Education Push Yields Little for India's Poor

Somini Sengupta reports from Lahtora, a small village in West Bengal, on the abysmal state of government schooling in India. Sengupta visited a school in this impoverished rural area, one lacking in every aspect of modern education. Teachers who showed up, if at all, came late. The only teacher with a degree in the village never taught, but still was on the government payroll. The lucky students had rice sacks to sit on, while the others simply sat in the grass through the two hours of roll call. The head teacher, Rashid Hassan, had no idea which grades children were in. The children did not have materials provided for them and none of them were in a position to buy some themselves. Even the government’s new lunch program is failing. The program is for one hot meal a day for each student, and was designed specifically for poor areas such as Lahtora. In Hassan’s classroom, rice was piled in a corner, untouched. Hassan claimed that he could not serve it because it was unofficially given to the school. Sengupta reports that this might also be linked to the enormous problem of bribery in these small villages.
Education is a huge problem for India. 40% of India’s population is under the age of 18, and this should be a huge source of progress for the country. However, among the porrest 20 percent of Indian men, only half are literate, and not even two percent graduates from high school.
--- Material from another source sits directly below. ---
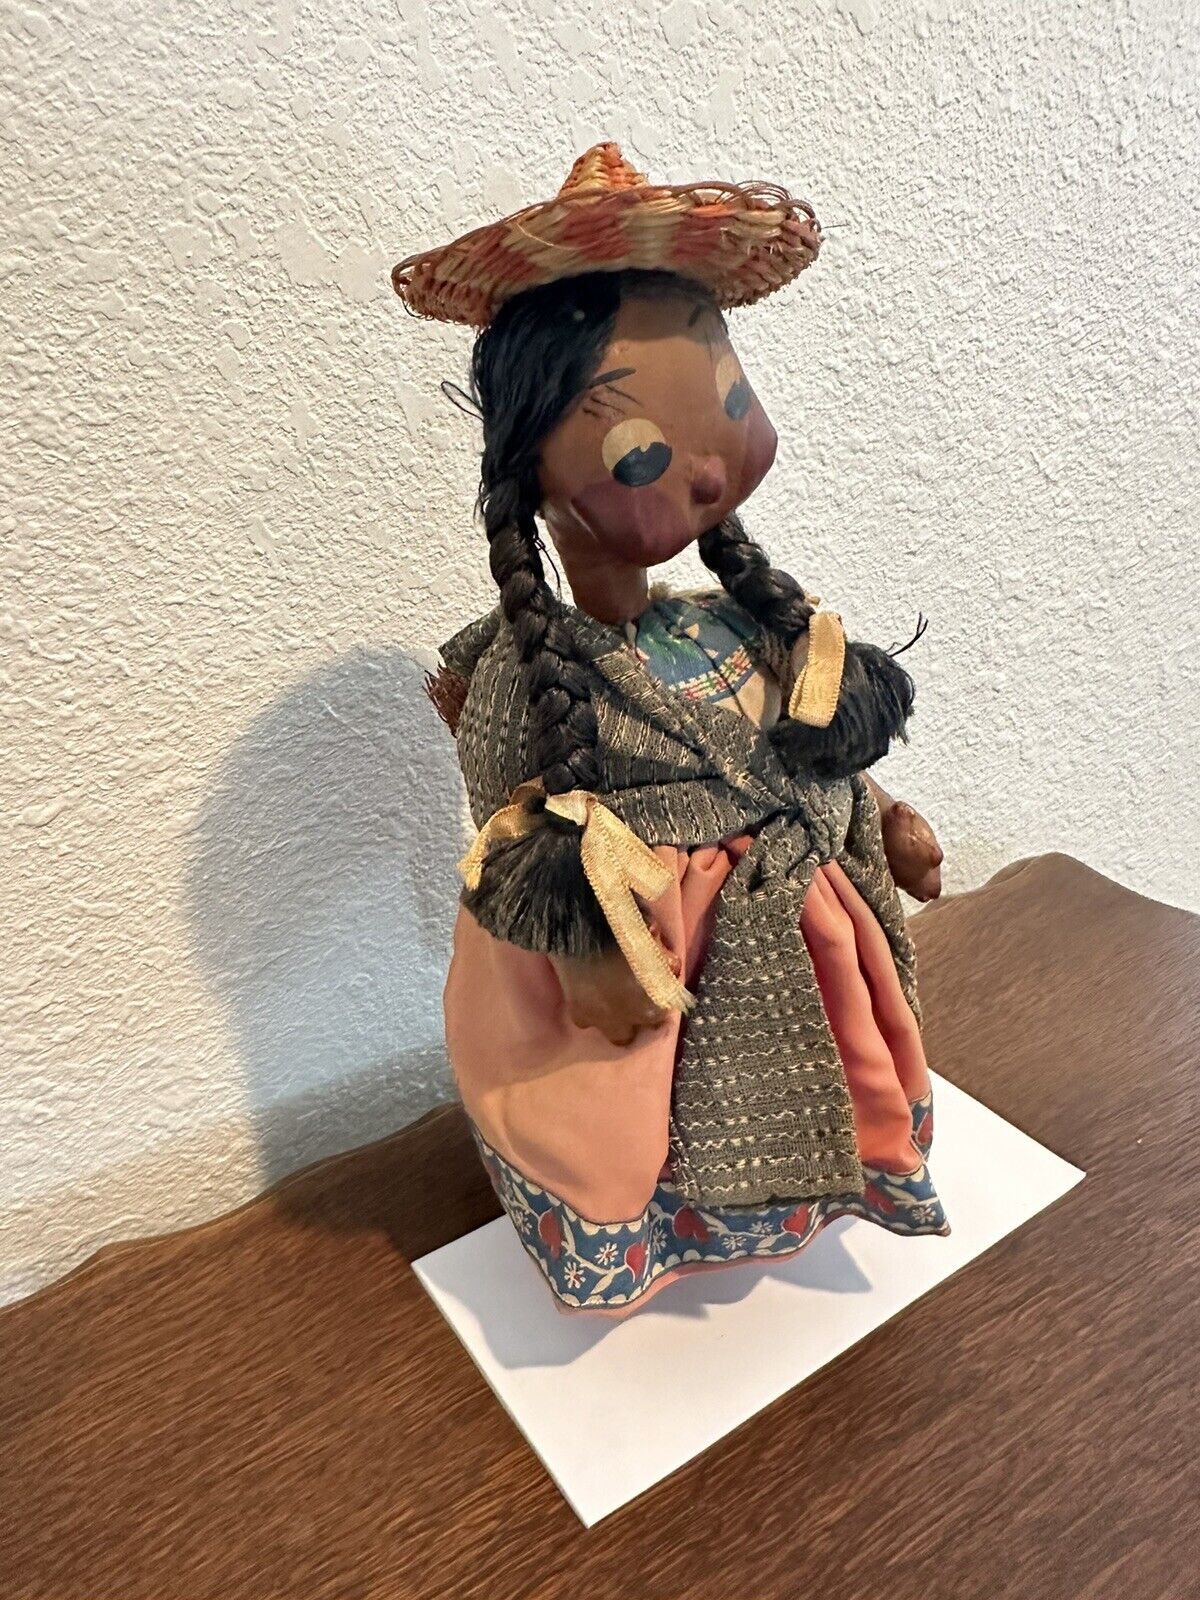 Authentic Vintage Mexican Baby Doll With Hinged Arms And Leather Huaraches.

In a survey of 16,000 villages in 2007, released Wednesday, found that “vast numbers of [children] could not read, write, or perform basic arithmetic”. 4 out of 10 fifth grade children cannot read at a second grade level, while 7 out of 10 of those children could not subtract. Sengupta argues that “if in the bast a largely poor and agrarian nation could afford to leave millions of its people illiterate, that is no longer the case. Not only has the roaring economy run into a shortage of skilled labor, but also the nation’s many new roads, phones, and television sets have fueled new ambitions for economic advancement among its people – and new expectations for schools to help them achieve it”.